Problem using modulus 22.07 in WSL2

Hi,

I tried to upgrade modulus from 2203 to 2207. 2203 worked, however, 2207 didn’t work. I’m using WSL2.

Anyway, I downloaded *.tar image file and load it successfully.
However, running the command
docker run --gpus all --ipc=host --shm-size=1g --ulimit memlock=-1 --ulimit stack=67108864 -p 7007:7007 -v /home/user/Modulus_2207/myprojects_2207:/myprojects_2207 -it modulus:22.07 bash
gave the error:

docker: Error response from daemon: failed to create shim: OCI runtime create failed: container_linux.go:380: starting container process caused: process_linux.go:545: container init caused: Running hook #0:: error running hook: exit status 1, stdout: , stderr: nvidia-container-cli: mount error: file creation failed: /var/lib/docker/overlay2/8802aa6c9c154dbba3d8fdefbae602451e75390392b3070f01303a2083c0f85e/merged/usr/lib/x86_64-linux-gnu/libnvidia-ml.so.1: file exists: unknown.
ERRO[0001] error waiting for container: context canceled

The error comes from “–gpus all”.

If I remove it, it loads ok but it fails when I tried to run an example, complaining that there’s no GPU present.

If I use:
docker run --shm-size=1g --ulimit memlock=-1 --ulimit stack=67108864
–runtime nvidia -v ${PWD}/examples:/examples
-it modulus:22.07 bash

I got the err:
Docker: Eorror response from daemon: Unknown runtime specified nvidia
Btw, I already installed the nvidia-docker2 lib.
In pure linux ubuntu, the 2nd docker command works though.
Any one can help?

Thanks.

2 Likes

Hi @tsltaywb

Unfortunately we updated the nvidia-docker version used in 22.07 and presently there seems to be a bug with it running on WSL. This GitHub issue has the precise error message that I believe you are seeing. Perhaps you can get some information there (seems some have figured out a work around):

Some users have also seen this issue as well. Sorry about this!

Hi ngeneva,

Thanks for the tips. I will give it a try!

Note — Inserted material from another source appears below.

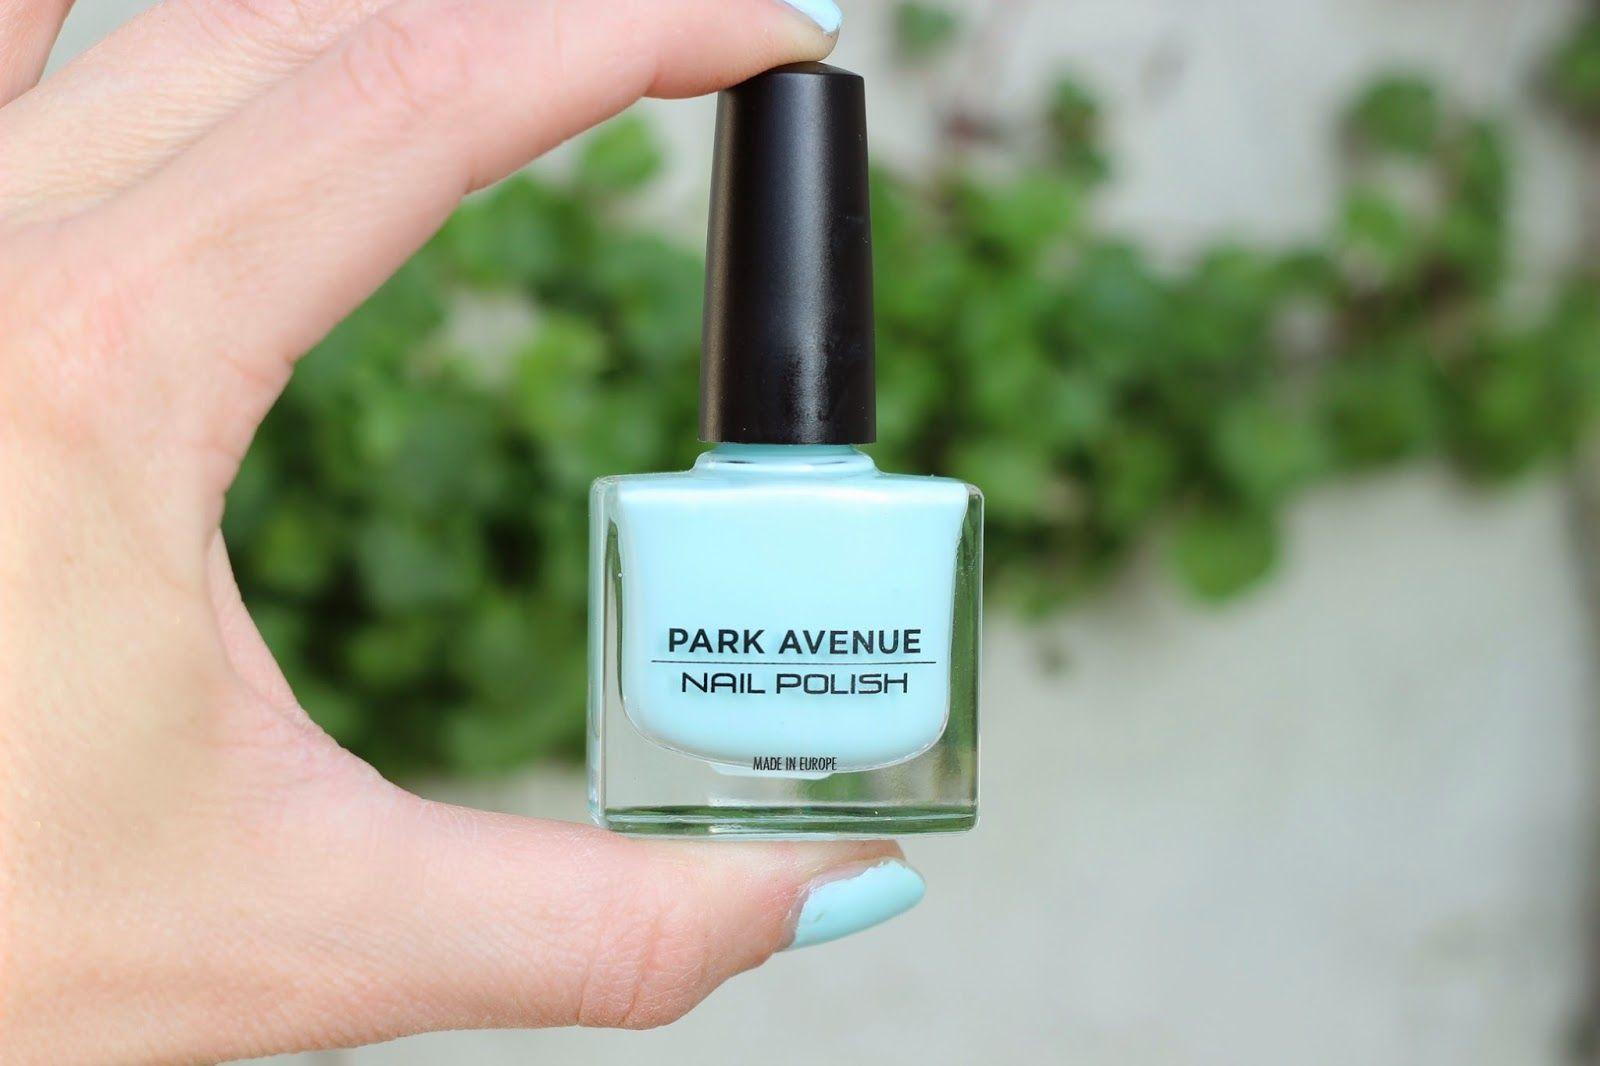 Sprinkles on a cupcake: Park Avenue - Delicate pastel blue nail polish

Hi, I have found a solution. The steps are as follows:

docker run --gpus all -it --rm nvcr.io/nvidia/pytorch:22.08-py3
exit
docker run --gpus all --ipc=host --shm-size=1g --ulimit memlock=-1 --ulimit stack=67108864  -p 7006:7006 -v /modulus_source_location/:/modulus_2209  -it nvcr.io/nvidia/pytorch:22.08-py3 bash
cd ../modulus_2209
pip3 install matplotlib transforms3d future typing numpy quadpy\
             numpy-stl==2.16.3 h5py sympy==1.5.1 termcolor psutil\
             symengine==0.6.1 numba Cython chaospy torch_optimizer\
             vtk chaospy termcolor omegaconf hydra-core==1.1.1 einops\
             timm tensorboard pandas orthopy ndim pint

DO NOT INSTALL functorch since you will be forced to uninstall the current pytorch and install 1.12
Go to source dir and install:

python setup.py install
pip install "git+https://github.com/pytorch/functorch.git@590e8618"
If you try to run the example, it will complain of missing libraries.
So you'll need to install these libraries:
apt-get update
apt-get install -y libx11-6
apt-get install libgl1-mesa-glx
apt-get install libxrender1

Then it should work. You can update the image:

docker ps -a

Check the image id of the one you just modified and run:

docker commit d8cf130b5f37 modulus_2209

Note that I haven’t been able to get pysdf working. If anyone manages to get it working, please let me know how.
Thanks.

3 Likes